/---
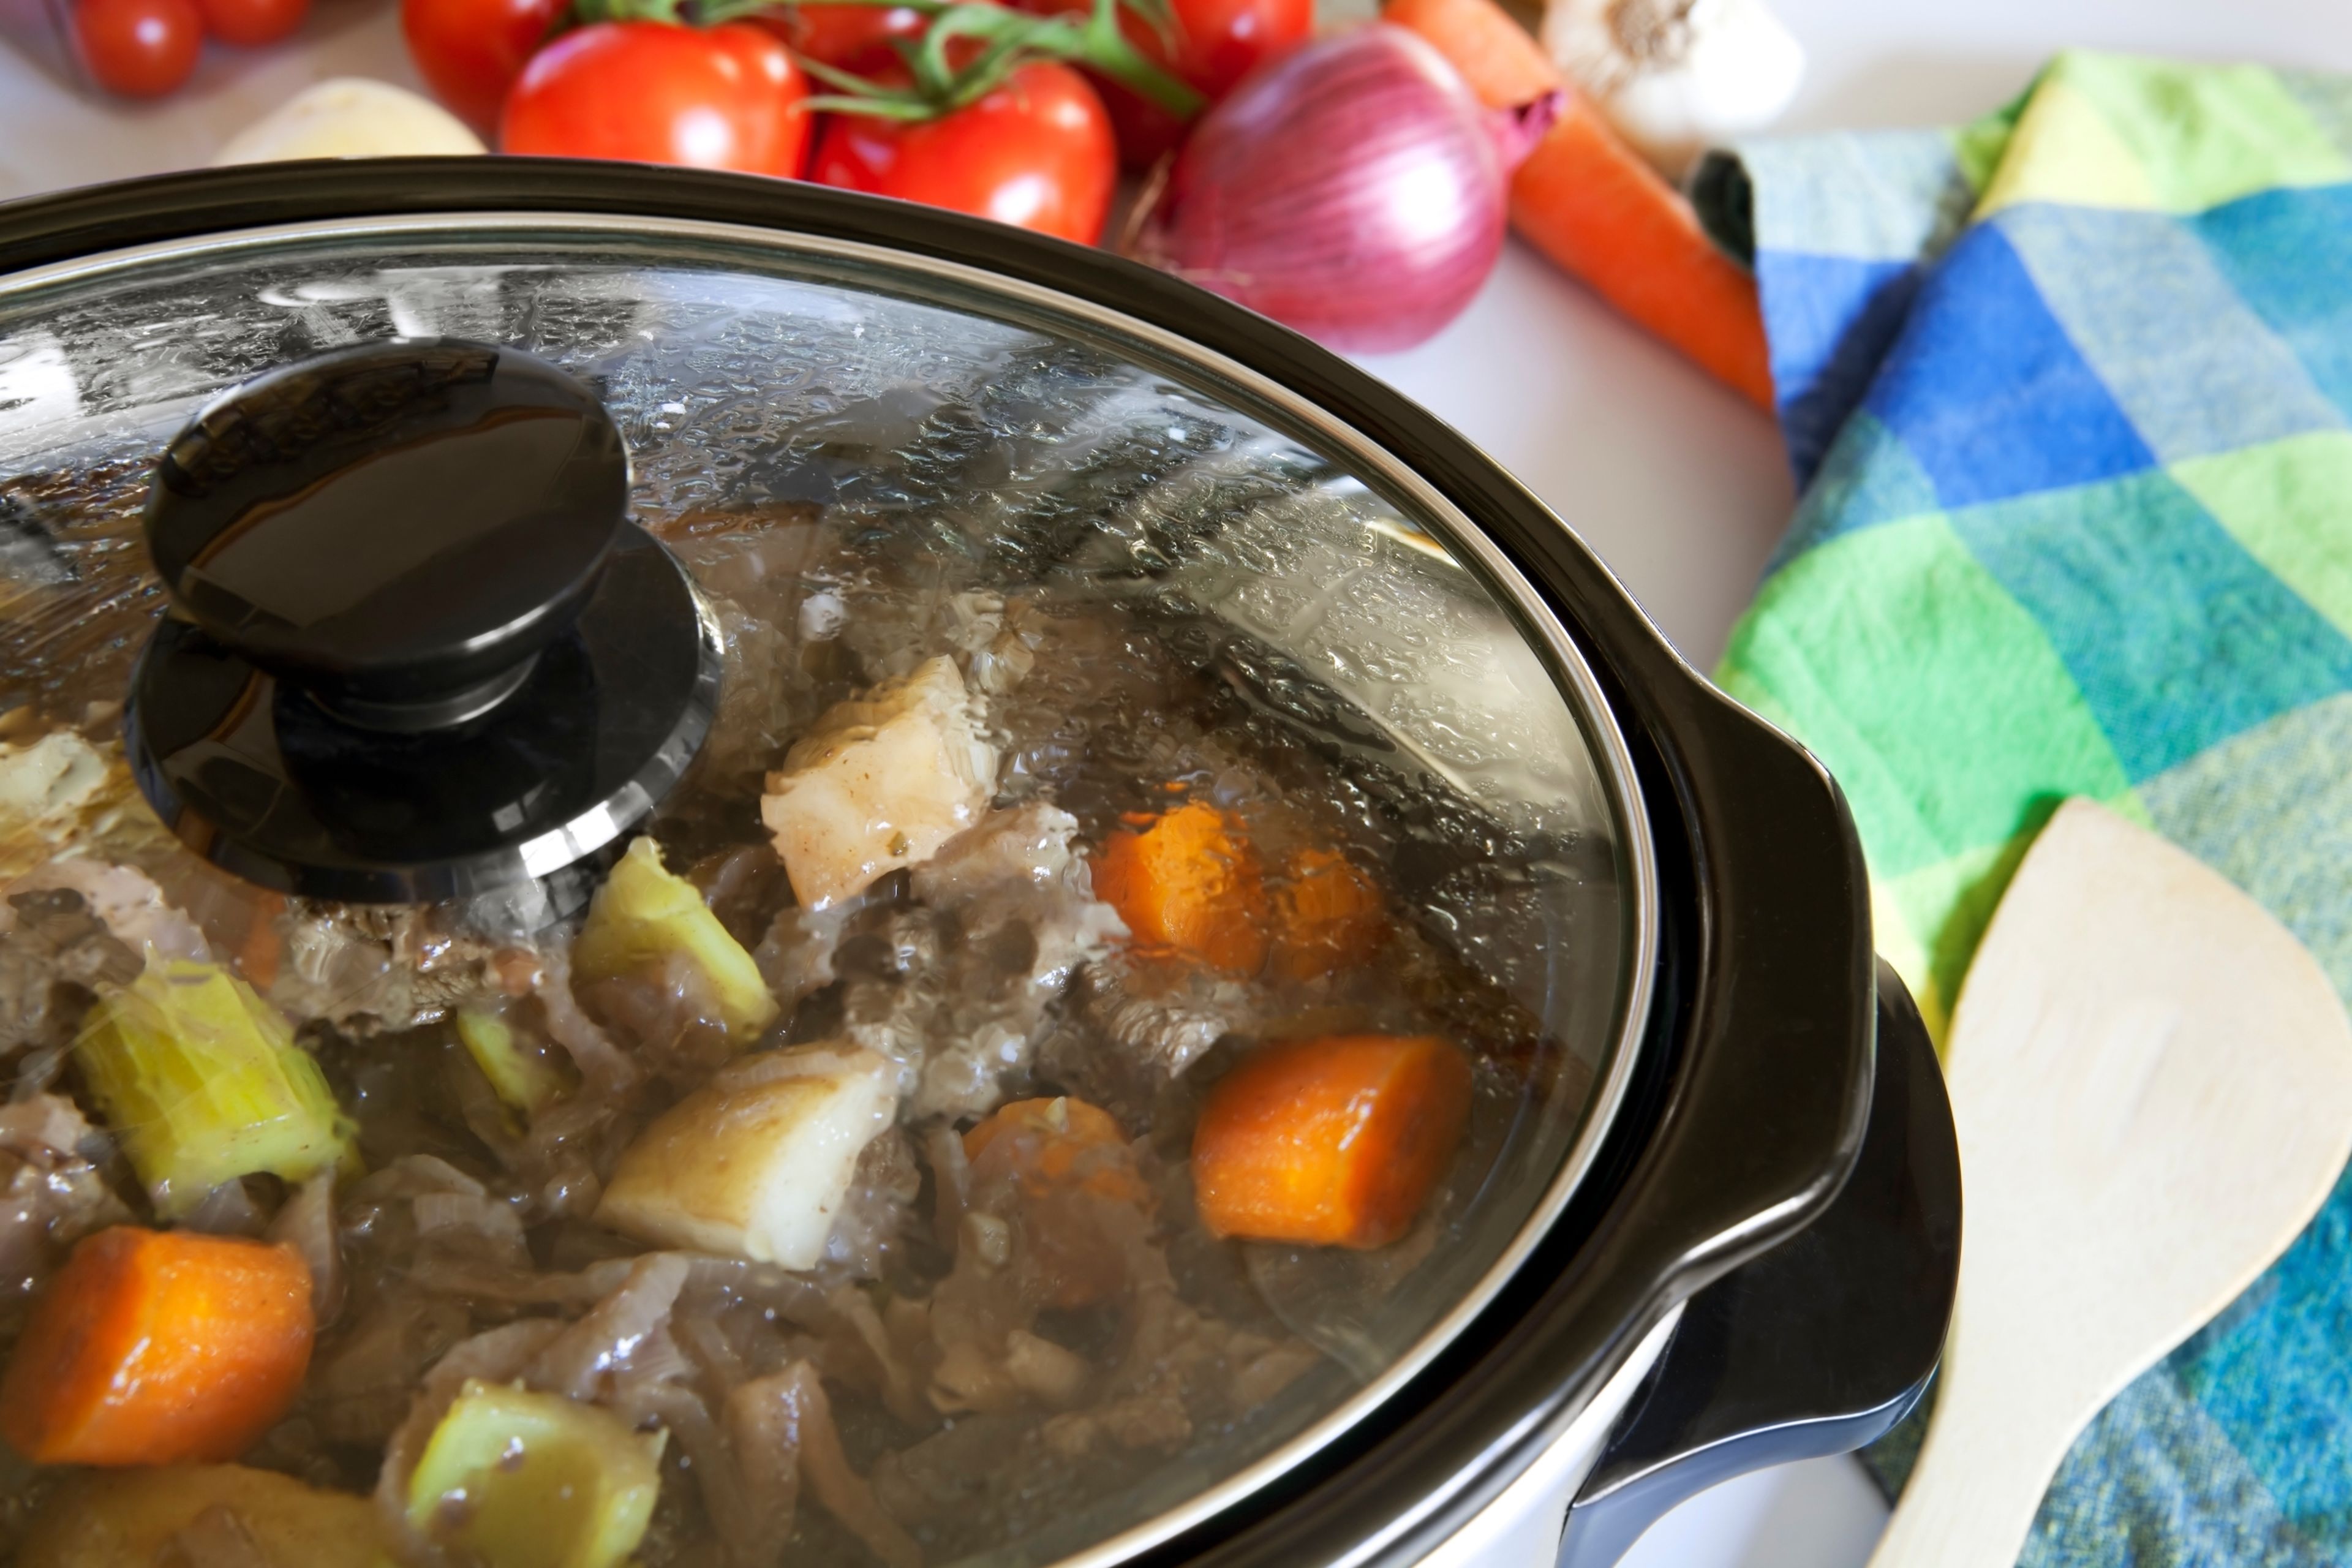 Las mejores ofertas en Acero Inoxidable Crock-Pot cocinas lenta
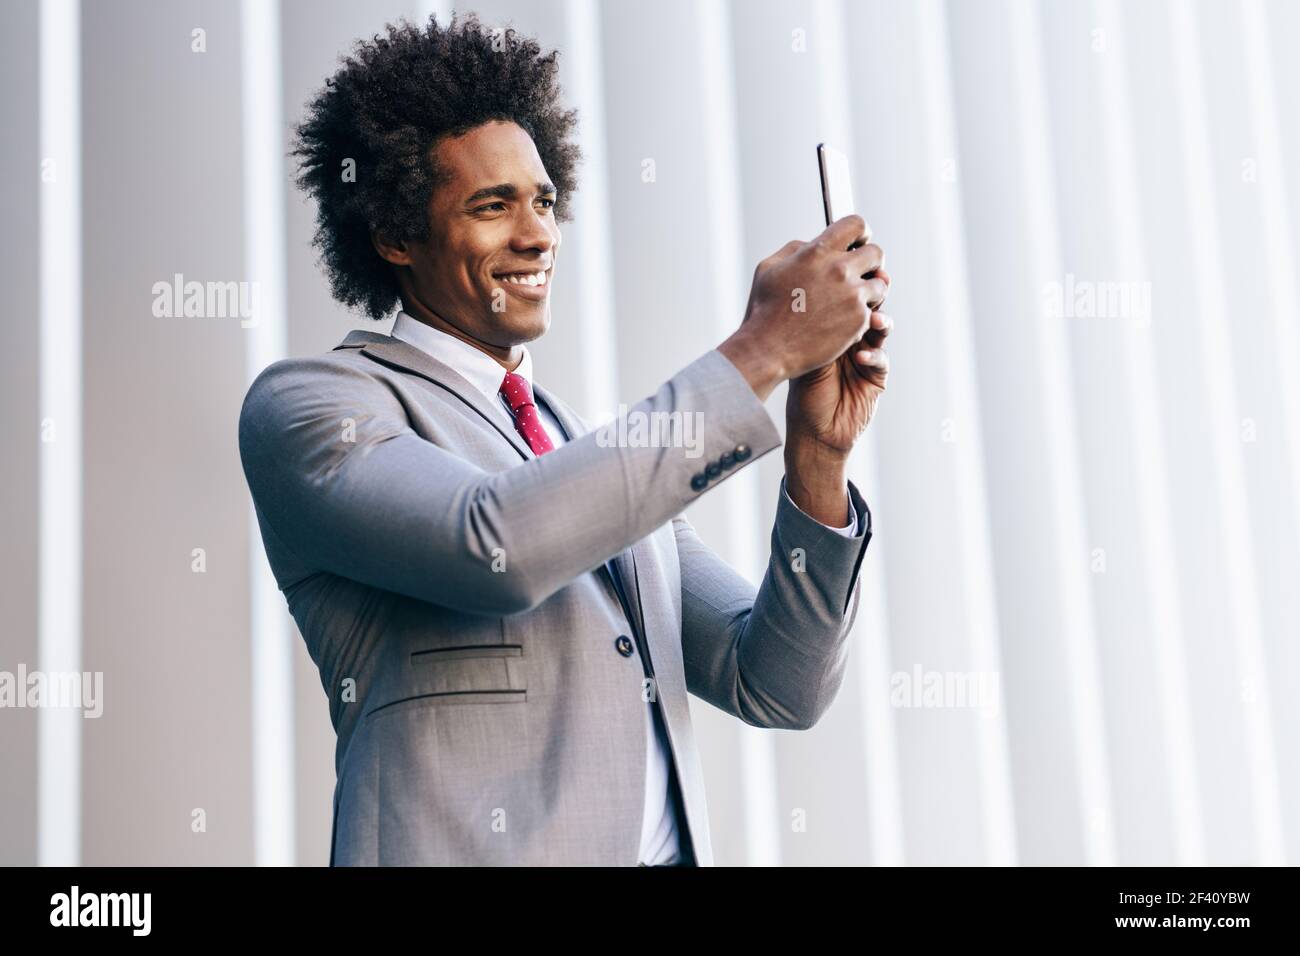 Homme d'affaires noir prenant des photos avec son smartphone près d'un immeuble de bureaux. Homme avec cheveux afro.. Homme d'affaires noir utilisant un smartphone près d'un immeuble de bureaux Banque D'Images
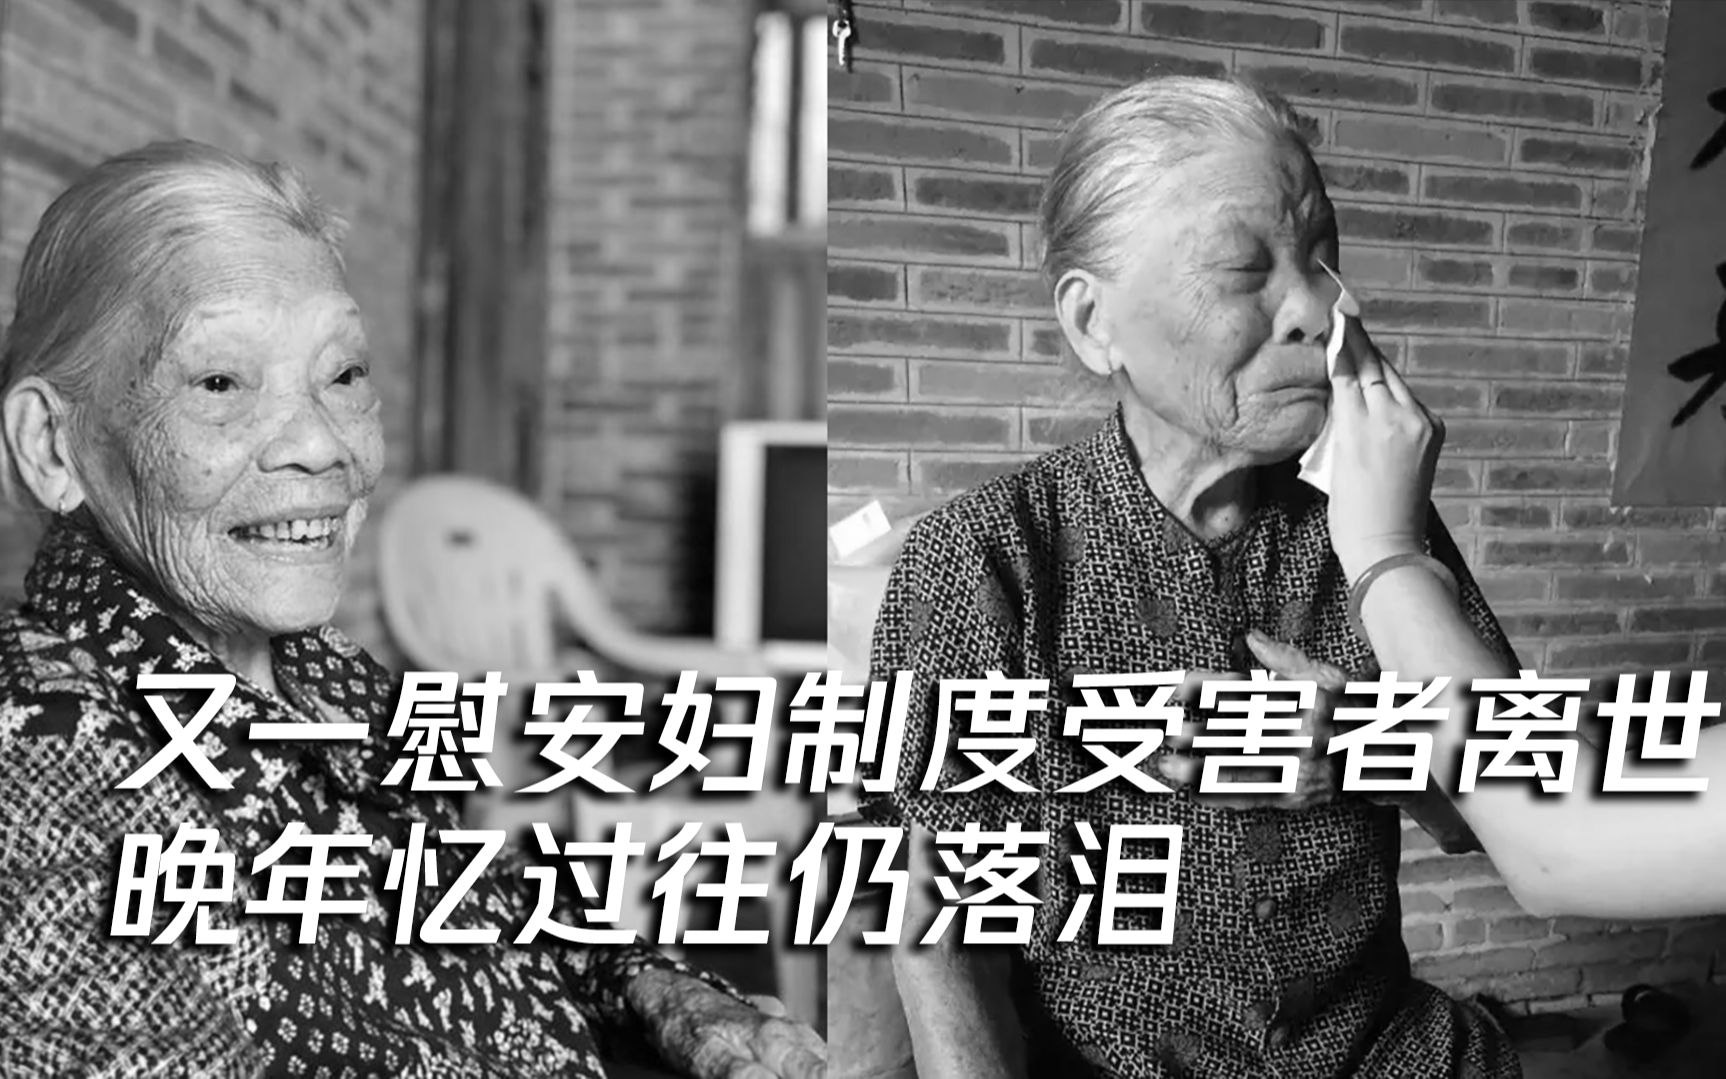 又一慰安妇制度受害者陈连村老人离世 享年96岁 晚年忆过往仍落泪
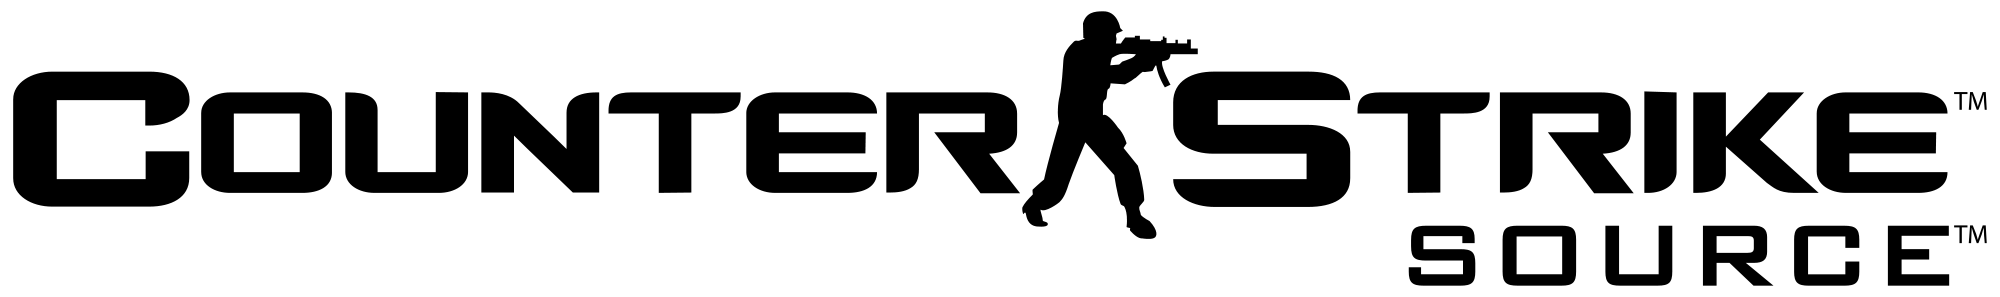 Counter Strike Logo PNG Image
\---
→ What this task involves: Copy out the whole listing exactly, and don't carry over any pictures.

→ Task response:
 Las mejores ofertas en Acero Inoxidable Crock-Pot cocinas lenta
 Homme d'affaires noir prenant des photos avec son smartphone près d'un immeuble de bureaux. Homme avec cheveux afro.. Homme d'affaires noir utilisant un smartphone près d'un immeuble de bureaux Banque D'Images
 又一慰安妇制度受害者陈连村老人离世 享年96岁 晚年忆过往仍落泪
 Counter Strike Logo PNG Image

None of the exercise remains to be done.